There are about 9 sub types that are hard to classify and more research is needed.

- AT units

In [None]:
df_atu.at_units.unique()

- SST units

In [None]:
df_sstu.sst_units.unique()

- Air pressure units

In [None]:
df_apu.ap_units.unique()

The **DLS** unit format is believed to stand for Dutch Lines and the 12R or 10R means that were reduced to 12 or 10 Réaumur (like pressures reduced to 32F). This is still an ongoing discussion.

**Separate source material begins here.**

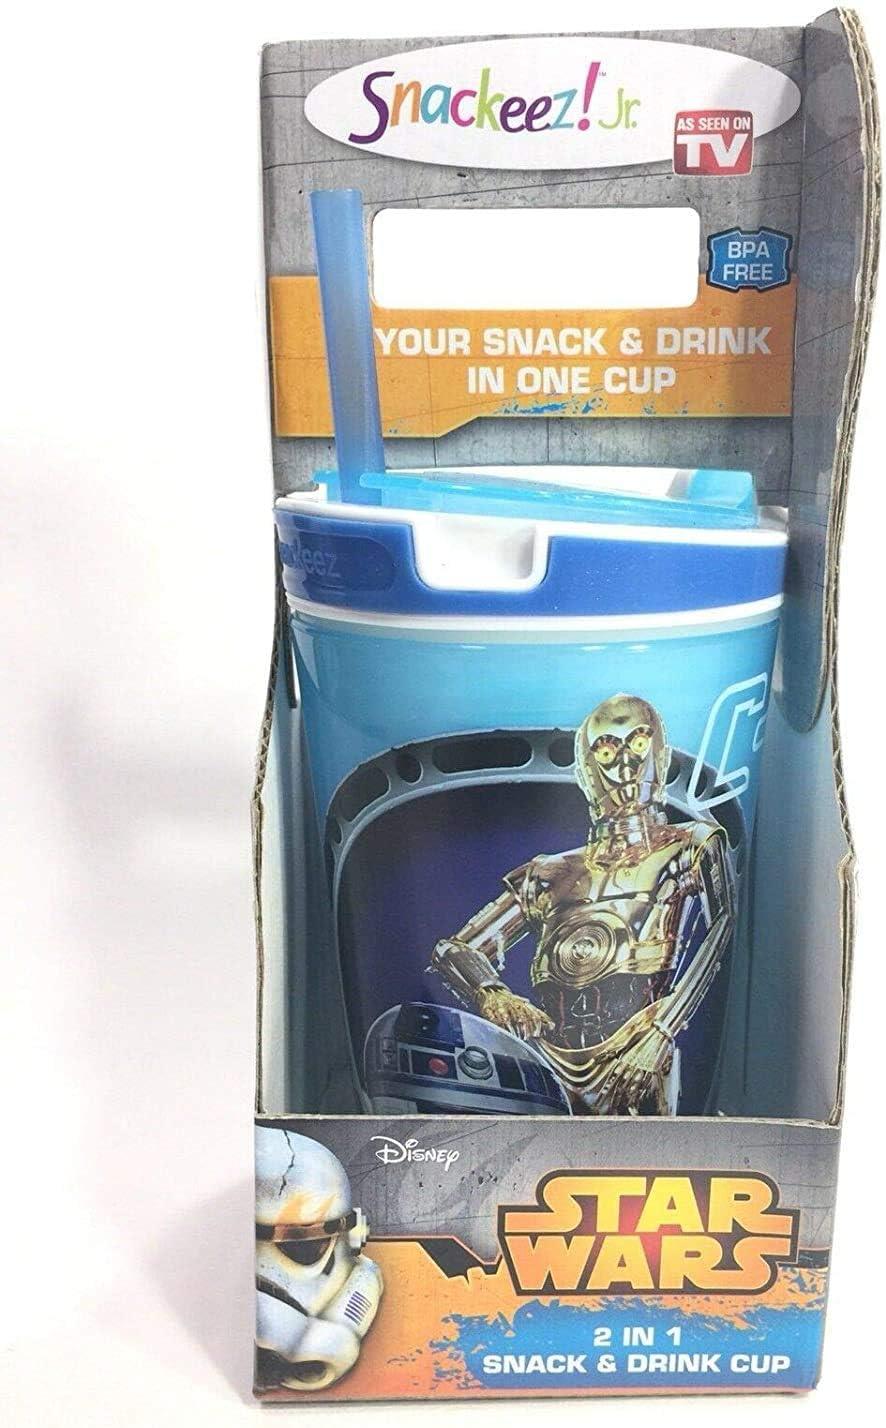 Snackeez Jr - 2-in-1 Snack & Drink Cup Star Wars 7 Movie Edition (Collage Cup)
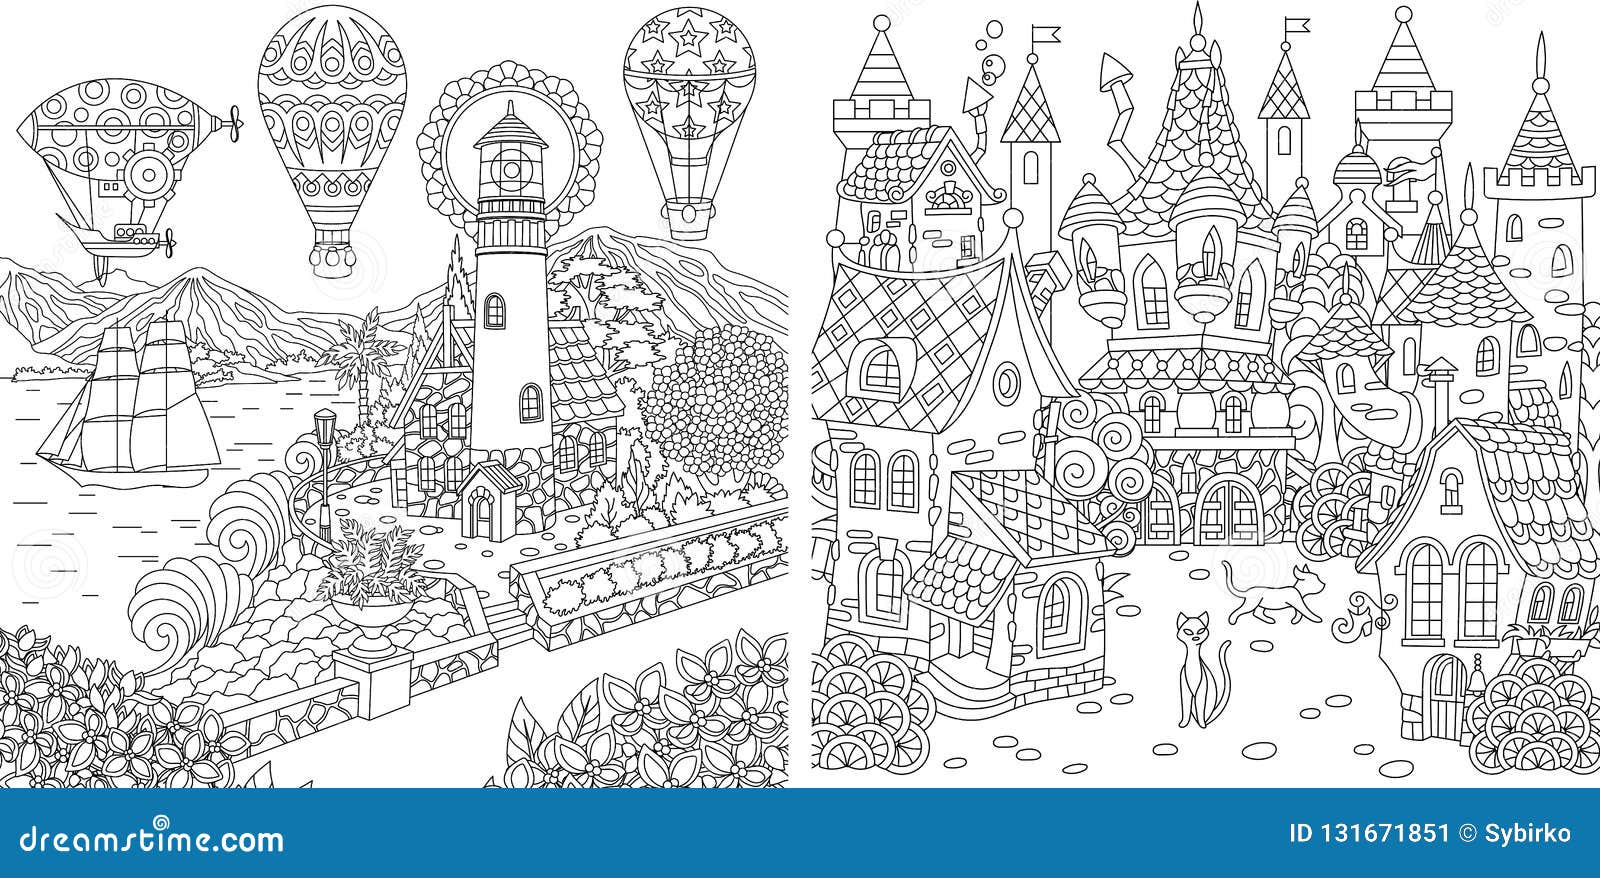 coloring pages. coloring book for adults. colouring pictures with light house and fairy tale castle. antistress freehand sketch

- Attached thermometer units

In [None]:
df_bartu.bart_units.unique()

- Longitude Units

In [None]:
df_lonu.lon_units.unique()

- Barometer types:

In [None]:
df_barot.baro_types.unique()

- Other units for which there was no information

In [None]:
df_distu_land.distance_units_to_land.unique()

In [None]:
df_distu_travel.distance_units_travelled.unique()

In [None]:
df_unit_m.units_of_other_measurements.unique()

In [None]:
df_humi_u.humidity_units.unique()

An overview through time of some of the Barometer types and air pressure units

In [None]:
fig = plt.figure(figsize=(20, 10))

ax = fig.add_subplot(111)

g = sns.histplot(
    data=df_barot,
    x="Year",
    hue="baro_types",
    multiple="stack",
    palette="deep",
    ax=ax,
    legend=True,
)
ax.grid(False)
plt.setp(g.get_xticklabels(), rotation=45)
plt.title("Barometer types", fontsize=16)

plt.show()

In [None]:
fig = plt.figure(figsize=(20, 10))

ax = fig.add_subplot(111)

cmap = sns.set_palette("rocket", n_colors=len(df_apu.ap_units.unique()))

g = sns.histplot(
    data=df_apu,
    x="Year",
    hue="ap_units",
    multiple="stack",
    palette=cmap,
    ax=ax,
    legend=True,
)
ax.grid(False)
plt.setp(g.get_xticklabels(), rotation=45)
plt.title("Air temp units", fontsize=16)

plt.show()

**Overview of the position quality**

In [None]:
fig, ax = plt.subplots(2, 1, figsize=(20, 10))


g = sns.histplot(
    data=df_lati,
    x="Year",
    hue="lan_inds",
    multiple="stack",
    palette="deep",
    ax=ax[0],
    legend=True,
)
plt.setp(g.get_xticklabels(), rotation=45)
ax[0].grid(False)

xticks = ax[0].xaxis.get_major_ticks()
for i in range(len(xticks)):
    if i % 2 == 1:
        xticks[i].set_visible(False)

ax[0].set_title(
    "Coordinates indicator", fontdict={"fontsize": 16, "fontweight": "medium"}
)
ax[0].set_xlabel("")


p = sns.histplot(
    data=df_loni,
    x="Year",
    hue="lon_inds",
    multiple="stack",
    palette="colorblind",
    ax=ax[1],
    legend=True,
)
plt.setp(p.get_xticklabels(), rotation=45)
ax[1].grid(False)

xticks = ax[1].xaxis.get_major_ticks()
for i in range(len(xticks)):
    if i % 2 == 1:
        xticks[i].set_visible(False)

plt.show()

Code table for lat and lon indicators, according to this [information](https://stvno.github.io/page/cliwoc/):

```
{
	"1":"originates from dead reckoning",
	"2":"originates from true navigation (bearing/distance, celestial)",
	"3":"Interpolated manually",
	"4":"Interpolated",
	"5":"Inserted actual position (ports, islands, etc.)",
	"6":"Missing"
}
```

Is it worth using the coordinates from the supplemental metadata or should I use the imma.core lat and lon?